*** SOURCE DATA
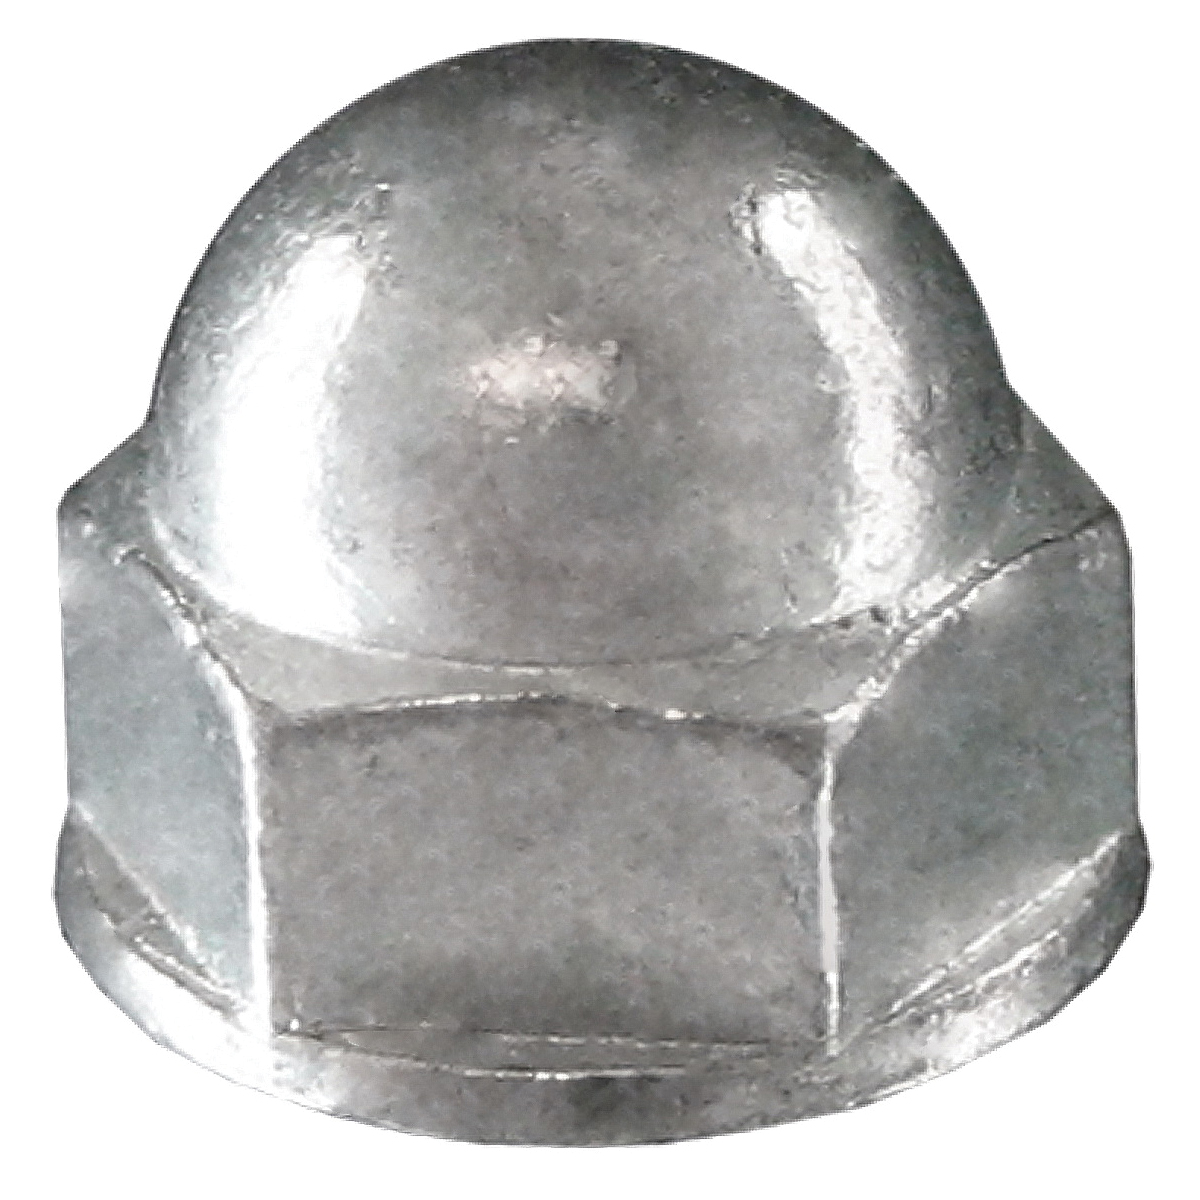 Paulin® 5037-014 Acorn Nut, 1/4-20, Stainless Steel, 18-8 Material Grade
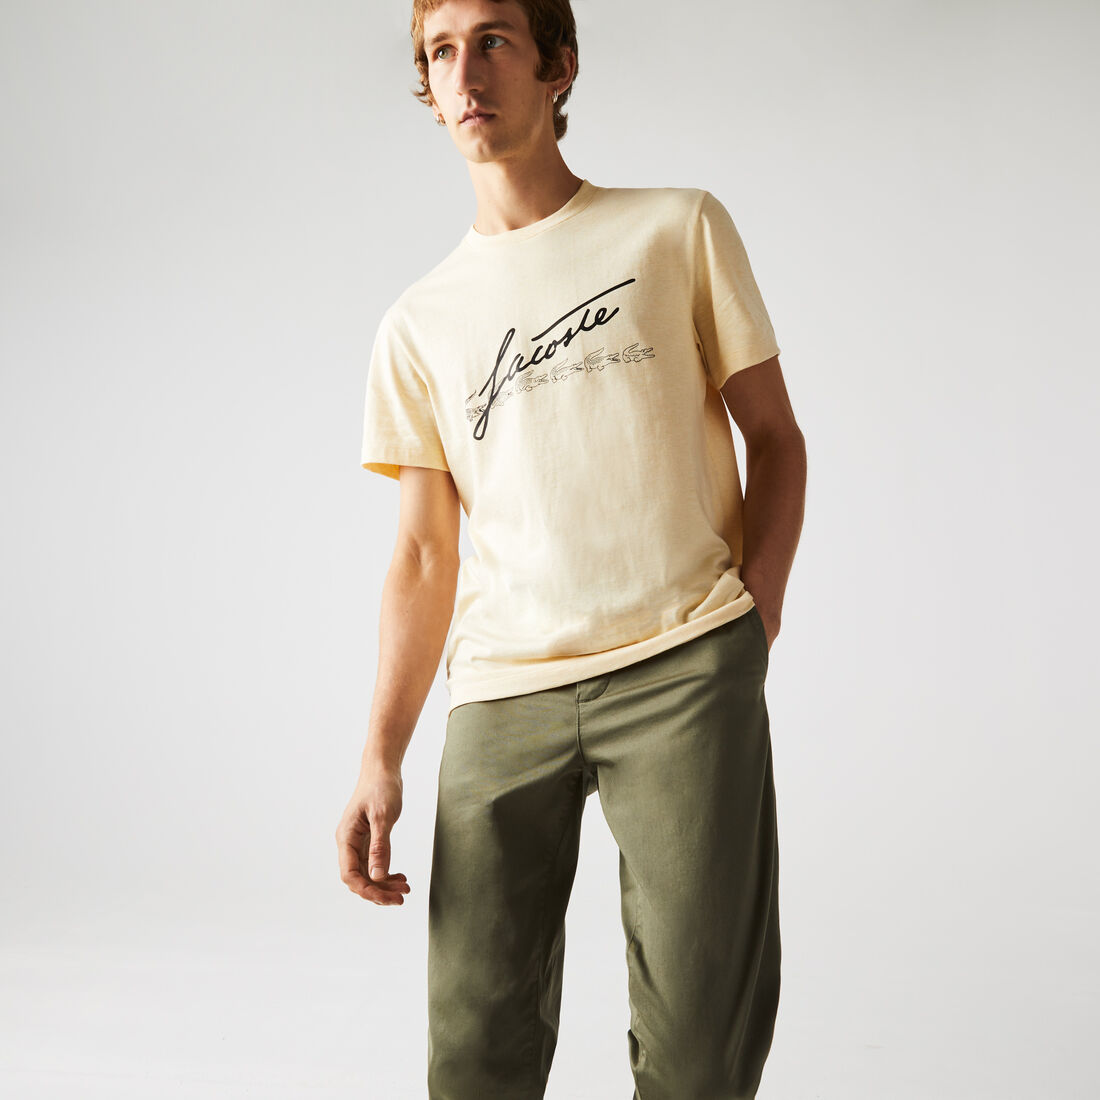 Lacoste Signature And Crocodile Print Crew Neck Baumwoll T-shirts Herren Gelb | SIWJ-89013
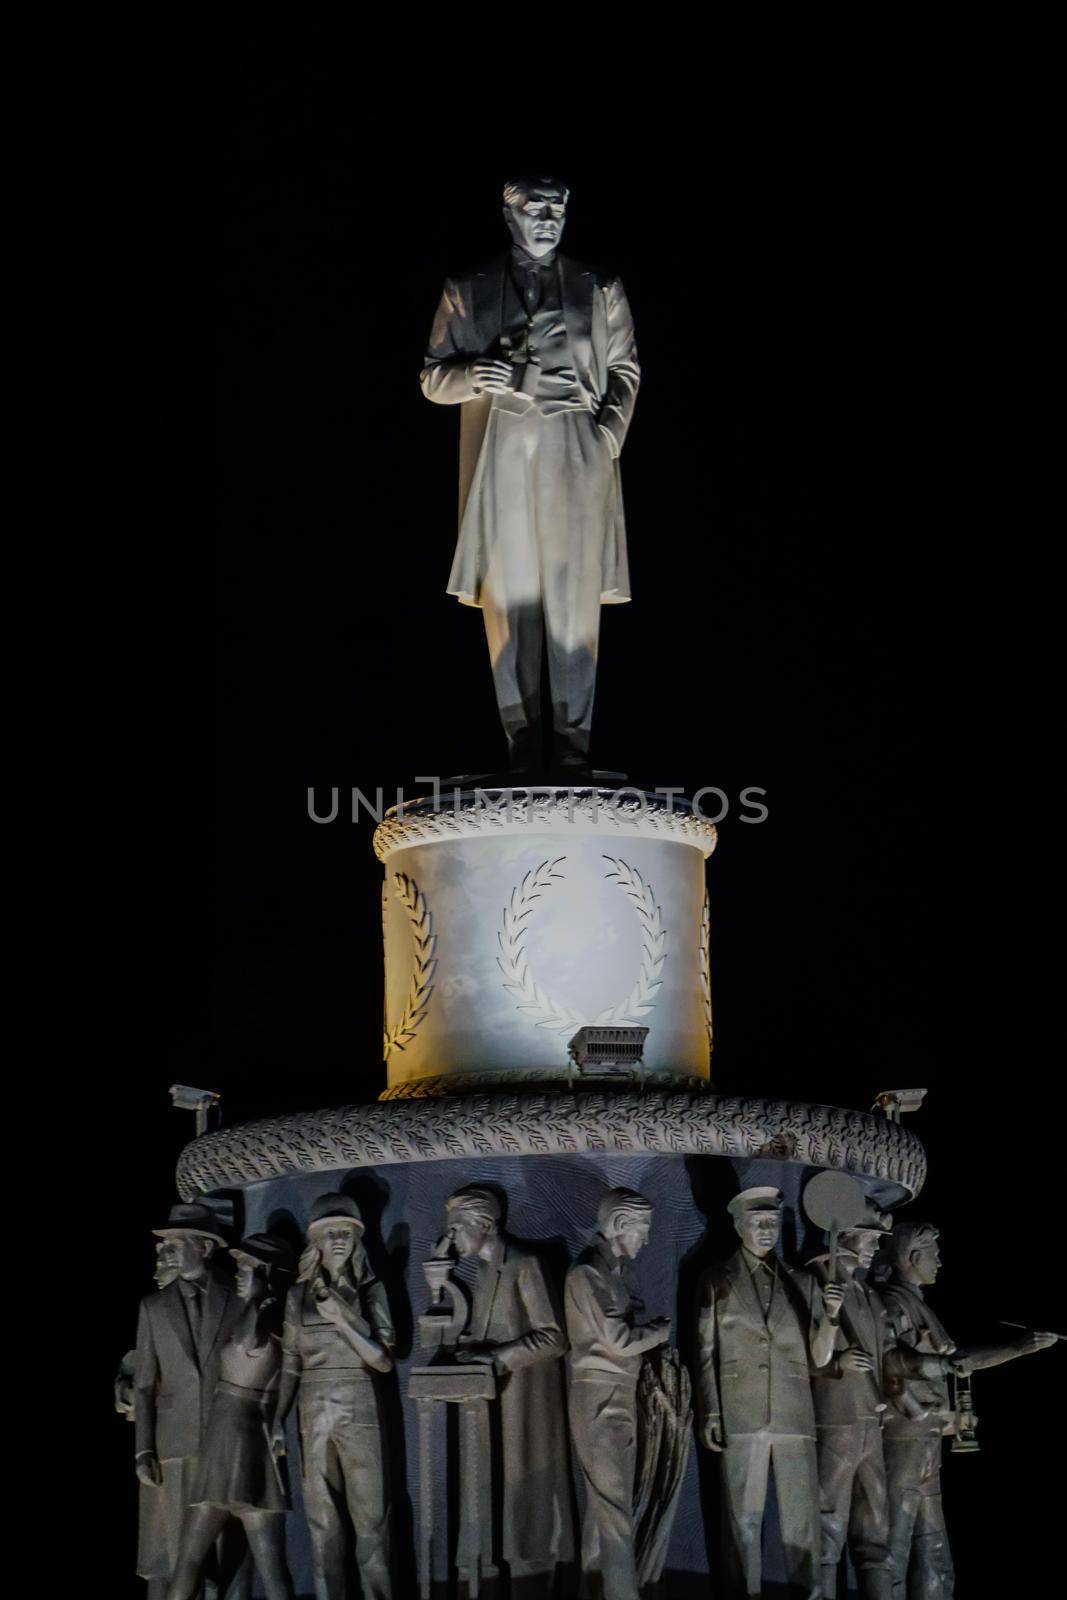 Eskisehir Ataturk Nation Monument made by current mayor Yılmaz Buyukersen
******
:: TASK PROMPT ::
Would you retype the listing above exactly, omitting its pictures?

:: WRITTEN RESPONSE ::
 Paulin® 5037-014 Acorn Nut, 1/4-20, Stainless Steel, 18-8 Material Grade
 Lacoste Signature And Crocodile Print Crew Neck Baumwoll T-shirts Herren Gelb | SIWJ-89013
 Eskisehir Ataturk Nation Monument made by current mayor Yılmaz Buyukersen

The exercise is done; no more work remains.